Wild boars are in the news again. Seldom a week goes by these days without news of a wild boar causing some kind of commotion in the city. Wild boar sightings and nuisance reports are up again this year with over 500 instances, compared with around 400 over the same period last year. The same goes for the capture of the porcine mischief-makers with close to 300 being caught last year, most of which were later released into country parks.
Despite the government’s best efforts to control the pigs via a sterilisation programme, boars are showing up in urban areas in increasing numbers and more unexpected places. Last month, the mother of pop star Coco Lee fractured her hip as a result of a boar encounter on the Peak. A few years ago, one was even spotted on the tarmac at Chek Lap Kok.

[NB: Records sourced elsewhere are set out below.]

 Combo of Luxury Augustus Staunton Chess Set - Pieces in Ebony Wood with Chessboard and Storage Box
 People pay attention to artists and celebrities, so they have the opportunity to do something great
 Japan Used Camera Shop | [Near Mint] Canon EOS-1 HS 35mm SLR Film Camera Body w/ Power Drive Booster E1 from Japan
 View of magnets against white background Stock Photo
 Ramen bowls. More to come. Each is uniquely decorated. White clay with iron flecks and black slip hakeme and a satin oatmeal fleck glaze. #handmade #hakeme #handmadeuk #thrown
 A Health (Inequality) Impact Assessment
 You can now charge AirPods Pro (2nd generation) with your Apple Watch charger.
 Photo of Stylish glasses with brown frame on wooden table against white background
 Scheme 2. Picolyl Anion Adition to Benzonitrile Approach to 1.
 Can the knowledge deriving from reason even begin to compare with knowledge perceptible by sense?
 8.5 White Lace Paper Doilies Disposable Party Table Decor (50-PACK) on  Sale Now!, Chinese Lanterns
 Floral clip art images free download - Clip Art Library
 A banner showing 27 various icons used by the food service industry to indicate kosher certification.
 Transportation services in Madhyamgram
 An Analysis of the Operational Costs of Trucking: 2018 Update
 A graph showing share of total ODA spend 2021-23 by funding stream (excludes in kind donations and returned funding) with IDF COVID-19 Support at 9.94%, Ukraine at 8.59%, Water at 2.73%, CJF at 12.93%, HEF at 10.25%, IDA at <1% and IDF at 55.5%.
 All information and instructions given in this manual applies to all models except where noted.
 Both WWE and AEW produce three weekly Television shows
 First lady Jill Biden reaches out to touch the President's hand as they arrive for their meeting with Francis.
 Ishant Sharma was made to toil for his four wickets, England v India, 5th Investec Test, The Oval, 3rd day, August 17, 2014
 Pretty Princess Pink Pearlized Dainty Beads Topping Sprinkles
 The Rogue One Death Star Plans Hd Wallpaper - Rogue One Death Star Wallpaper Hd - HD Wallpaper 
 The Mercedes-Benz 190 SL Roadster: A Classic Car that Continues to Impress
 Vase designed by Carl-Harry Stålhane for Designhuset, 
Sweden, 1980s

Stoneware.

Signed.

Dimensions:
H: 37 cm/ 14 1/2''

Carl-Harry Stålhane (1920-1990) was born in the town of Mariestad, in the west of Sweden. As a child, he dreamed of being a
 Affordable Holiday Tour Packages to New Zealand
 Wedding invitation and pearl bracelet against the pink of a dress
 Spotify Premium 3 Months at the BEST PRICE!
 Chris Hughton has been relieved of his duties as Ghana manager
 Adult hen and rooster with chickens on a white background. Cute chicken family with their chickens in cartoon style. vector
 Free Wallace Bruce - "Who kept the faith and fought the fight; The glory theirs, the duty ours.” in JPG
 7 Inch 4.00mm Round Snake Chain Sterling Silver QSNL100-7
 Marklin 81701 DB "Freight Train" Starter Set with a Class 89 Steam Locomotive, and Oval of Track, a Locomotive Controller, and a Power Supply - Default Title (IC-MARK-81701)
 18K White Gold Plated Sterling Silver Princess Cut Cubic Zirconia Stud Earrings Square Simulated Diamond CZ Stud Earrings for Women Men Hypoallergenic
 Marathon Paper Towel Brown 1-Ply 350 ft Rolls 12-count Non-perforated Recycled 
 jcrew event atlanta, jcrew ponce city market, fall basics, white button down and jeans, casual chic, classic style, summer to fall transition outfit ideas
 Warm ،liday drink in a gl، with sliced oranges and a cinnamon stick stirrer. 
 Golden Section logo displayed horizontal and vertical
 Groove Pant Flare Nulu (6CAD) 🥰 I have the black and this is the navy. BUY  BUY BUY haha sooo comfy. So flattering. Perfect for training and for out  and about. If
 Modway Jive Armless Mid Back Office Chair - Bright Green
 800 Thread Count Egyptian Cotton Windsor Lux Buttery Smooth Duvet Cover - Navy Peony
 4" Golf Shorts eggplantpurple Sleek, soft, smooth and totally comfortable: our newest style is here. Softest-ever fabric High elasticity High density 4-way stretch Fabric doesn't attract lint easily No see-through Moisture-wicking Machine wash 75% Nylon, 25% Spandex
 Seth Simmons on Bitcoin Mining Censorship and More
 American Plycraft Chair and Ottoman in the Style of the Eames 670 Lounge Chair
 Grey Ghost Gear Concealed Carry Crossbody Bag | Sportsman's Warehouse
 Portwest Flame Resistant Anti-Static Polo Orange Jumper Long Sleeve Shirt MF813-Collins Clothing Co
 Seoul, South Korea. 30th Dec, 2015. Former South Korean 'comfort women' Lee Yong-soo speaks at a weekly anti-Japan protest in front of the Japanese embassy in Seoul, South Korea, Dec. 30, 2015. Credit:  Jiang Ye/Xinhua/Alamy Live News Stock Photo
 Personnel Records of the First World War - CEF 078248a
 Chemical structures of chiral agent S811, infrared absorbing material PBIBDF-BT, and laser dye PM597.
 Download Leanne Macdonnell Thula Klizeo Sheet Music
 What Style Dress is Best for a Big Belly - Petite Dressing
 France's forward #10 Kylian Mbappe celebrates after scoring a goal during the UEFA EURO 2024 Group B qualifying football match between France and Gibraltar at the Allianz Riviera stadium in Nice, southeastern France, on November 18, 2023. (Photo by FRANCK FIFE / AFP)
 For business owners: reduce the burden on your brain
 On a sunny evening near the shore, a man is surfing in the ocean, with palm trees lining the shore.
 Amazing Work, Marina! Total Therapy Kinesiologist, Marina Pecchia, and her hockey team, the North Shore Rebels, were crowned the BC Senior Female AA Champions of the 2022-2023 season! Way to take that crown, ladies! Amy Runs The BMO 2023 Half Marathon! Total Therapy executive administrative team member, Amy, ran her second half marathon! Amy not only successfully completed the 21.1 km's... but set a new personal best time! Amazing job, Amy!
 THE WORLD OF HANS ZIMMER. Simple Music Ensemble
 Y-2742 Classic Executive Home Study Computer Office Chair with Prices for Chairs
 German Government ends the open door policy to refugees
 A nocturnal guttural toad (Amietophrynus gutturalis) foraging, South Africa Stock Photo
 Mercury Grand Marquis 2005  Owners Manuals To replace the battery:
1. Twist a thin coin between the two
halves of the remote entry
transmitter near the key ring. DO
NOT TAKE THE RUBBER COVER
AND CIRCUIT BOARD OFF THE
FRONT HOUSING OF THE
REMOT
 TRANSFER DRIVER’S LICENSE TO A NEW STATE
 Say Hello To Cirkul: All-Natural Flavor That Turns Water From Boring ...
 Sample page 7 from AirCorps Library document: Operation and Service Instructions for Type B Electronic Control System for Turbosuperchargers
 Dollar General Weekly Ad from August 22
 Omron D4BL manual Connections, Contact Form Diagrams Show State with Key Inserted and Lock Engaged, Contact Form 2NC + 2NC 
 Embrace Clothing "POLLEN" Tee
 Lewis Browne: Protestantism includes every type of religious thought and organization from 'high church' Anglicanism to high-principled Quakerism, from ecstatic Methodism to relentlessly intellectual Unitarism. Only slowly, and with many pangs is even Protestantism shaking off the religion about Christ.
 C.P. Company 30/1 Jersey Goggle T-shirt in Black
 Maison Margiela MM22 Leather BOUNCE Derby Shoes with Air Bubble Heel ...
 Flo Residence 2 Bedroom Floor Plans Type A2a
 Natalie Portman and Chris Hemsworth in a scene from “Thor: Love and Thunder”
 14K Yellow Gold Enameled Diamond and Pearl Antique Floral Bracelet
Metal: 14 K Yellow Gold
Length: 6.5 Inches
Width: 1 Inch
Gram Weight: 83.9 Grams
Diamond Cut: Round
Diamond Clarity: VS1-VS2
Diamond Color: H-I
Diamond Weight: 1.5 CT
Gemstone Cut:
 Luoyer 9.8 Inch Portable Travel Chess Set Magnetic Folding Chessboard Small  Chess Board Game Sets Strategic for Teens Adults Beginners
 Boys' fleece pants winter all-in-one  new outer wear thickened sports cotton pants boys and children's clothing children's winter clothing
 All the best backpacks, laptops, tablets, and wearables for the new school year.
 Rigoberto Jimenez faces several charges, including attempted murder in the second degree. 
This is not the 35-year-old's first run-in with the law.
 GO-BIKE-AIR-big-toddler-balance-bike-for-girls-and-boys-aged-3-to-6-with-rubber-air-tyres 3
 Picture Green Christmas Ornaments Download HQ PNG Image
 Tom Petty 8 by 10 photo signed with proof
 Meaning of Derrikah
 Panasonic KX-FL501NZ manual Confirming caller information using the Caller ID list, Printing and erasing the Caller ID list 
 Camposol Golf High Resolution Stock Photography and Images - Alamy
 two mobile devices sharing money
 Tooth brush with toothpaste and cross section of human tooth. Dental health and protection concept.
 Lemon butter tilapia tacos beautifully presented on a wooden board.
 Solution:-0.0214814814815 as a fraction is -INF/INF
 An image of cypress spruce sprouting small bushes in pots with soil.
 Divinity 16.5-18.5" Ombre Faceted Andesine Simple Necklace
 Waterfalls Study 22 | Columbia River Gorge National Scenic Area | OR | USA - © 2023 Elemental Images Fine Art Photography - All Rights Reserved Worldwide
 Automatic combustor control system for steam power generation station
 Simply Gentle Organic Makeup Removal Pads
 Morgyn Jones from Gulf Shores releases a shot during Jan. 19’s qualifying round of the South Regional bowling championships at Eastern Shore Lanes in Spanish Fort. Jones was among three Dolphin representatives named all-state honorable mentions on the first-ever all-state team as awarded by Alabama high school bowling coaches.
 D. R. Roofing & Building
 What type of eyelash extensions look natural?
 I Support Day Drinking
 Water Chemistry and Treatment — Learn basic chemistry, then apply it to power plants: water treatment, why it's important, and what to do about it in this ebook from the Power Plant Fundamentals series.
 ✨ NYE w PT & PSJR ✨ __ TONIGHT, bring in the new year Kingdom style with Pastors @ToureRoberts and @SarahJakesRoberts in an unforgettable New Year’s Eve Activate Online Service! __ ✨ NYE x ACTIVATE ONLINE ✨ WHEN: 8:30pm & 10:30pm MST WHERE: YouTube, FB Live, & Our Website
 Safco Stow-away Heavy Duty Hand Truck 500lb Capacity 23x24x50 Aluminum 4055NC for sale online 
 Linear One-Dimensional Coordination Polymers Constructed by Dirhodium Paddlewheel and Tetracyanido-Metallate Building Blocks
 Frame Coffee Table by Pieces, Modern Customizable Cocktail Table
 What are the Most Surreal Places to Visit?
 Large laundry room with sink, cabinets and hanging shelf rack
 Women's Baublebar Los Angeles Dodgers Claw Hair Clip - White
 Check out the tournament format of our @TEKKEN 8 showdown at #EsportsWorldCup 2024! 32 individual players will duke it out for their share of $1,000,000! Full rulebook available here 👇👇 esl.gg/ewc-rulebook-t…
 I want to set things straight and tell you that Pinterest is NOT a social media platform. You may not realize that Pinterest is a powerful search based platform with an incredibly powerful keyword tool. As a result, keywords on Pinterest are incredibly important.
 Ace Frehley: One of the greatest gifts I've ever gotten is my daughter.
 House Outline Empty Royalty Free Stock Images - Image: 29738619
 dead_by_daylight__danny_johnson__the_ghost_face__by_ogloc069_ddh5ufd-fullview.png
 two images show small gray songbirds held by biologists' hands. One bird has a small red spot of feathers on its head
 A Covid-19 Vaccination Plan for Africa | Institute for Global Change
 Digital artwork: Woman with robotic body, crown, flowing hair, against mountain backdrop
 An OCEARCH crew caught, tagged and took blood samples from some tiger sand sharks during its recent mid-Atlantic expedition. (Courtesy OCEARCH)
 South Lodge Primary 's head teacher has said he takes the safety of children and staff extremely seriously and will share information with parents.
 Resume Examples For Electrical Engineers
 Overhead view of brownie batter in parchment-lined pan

The increase in the number of human-boar encounters has been attributed to people feeding them, despite efforts by the government to discourage the practice.
Dr Leung Siu-fai, director of the Agriculture, Fisheries and Conservation Department (AFCD), has suggested that the problem has become so serious that the pigs may need to be “removed”. This term, of course, is a euphemism for “euthanise”, which in this case is a nice way of saying “kill”.
Interestingly, another spokesperson for the AFCD, when addressing the department’s plans to control the porcine population, admitted that in some cases the animals had to be “humanely dispatched” – yet another euphemism.
The compassion shown towards our local boars has led to the formation of the Hong Kong Wild Boar Concern Group, which firmly objects to any harm perpetrated against local wild swine. The group wants to discourage people from feeding the pigs while advocating benign coexistence.
Curiously, the overly gentle treatment accorded to our wild boars, even the ones that do damage or cause injury, comes at a time when their domestic brethren are being slaughtered for pork at a rate per day in Hong Kong that is roughly equal to the entire estimated population of wild boars, about 3000, in our country parks.
Go figure. Public officials will do linguistic somersaults to avoid using the word “kill” when referring to the culling of nuisance wild hogs. Others in the city love them so much that they go out of their way to feed the odd boar that finds itself in the city. And some have even established a special interest group to protect the boars. In the meantime, however, collectively, Hongkongers daily devour the equivalent of the entire population of wild boars living in the territory when they sit down to dinner.
How does one explain this apparent hypocrisy? Several answers come to mind.
First and foremost is the way pork, or for that matter, any type of meat, is sold. Often it is bought in a supermarket wrapped in plastic as chunks of red flesh, far removed from the sacrificed, sentient creature. Thus, the unpleasantness of the slaughterhouse is long sanitized. Another reason has to do with numbers. As Joseph Stalin apparently commented, “a single death is a tragedy, a million deaths is a statistic.” Thus, when a wild boar enters the city and after being injured is put down (another euphemism), there is sometimes an outpouring of sympathy for the animal because we can identify with this single death. On the other hand, the daily slaughter of thousands of pigs for human consumption is abstract.
But thirdly and perhaps most importantly, humans are specialists at avoiding cognitive dissonance, the mental discomfort that results from holding two conflicting beliefs. Although we all know that wild boars and domestic pigs are essentially the same animal, we rationalise the dissonance by categorising the two animals differently. One is a critter; the other is a commodity.
In the end, if you’ve read this far, and you eat pork, you may be feeling some cognitive dissonance… but only if you are a wild boar lover.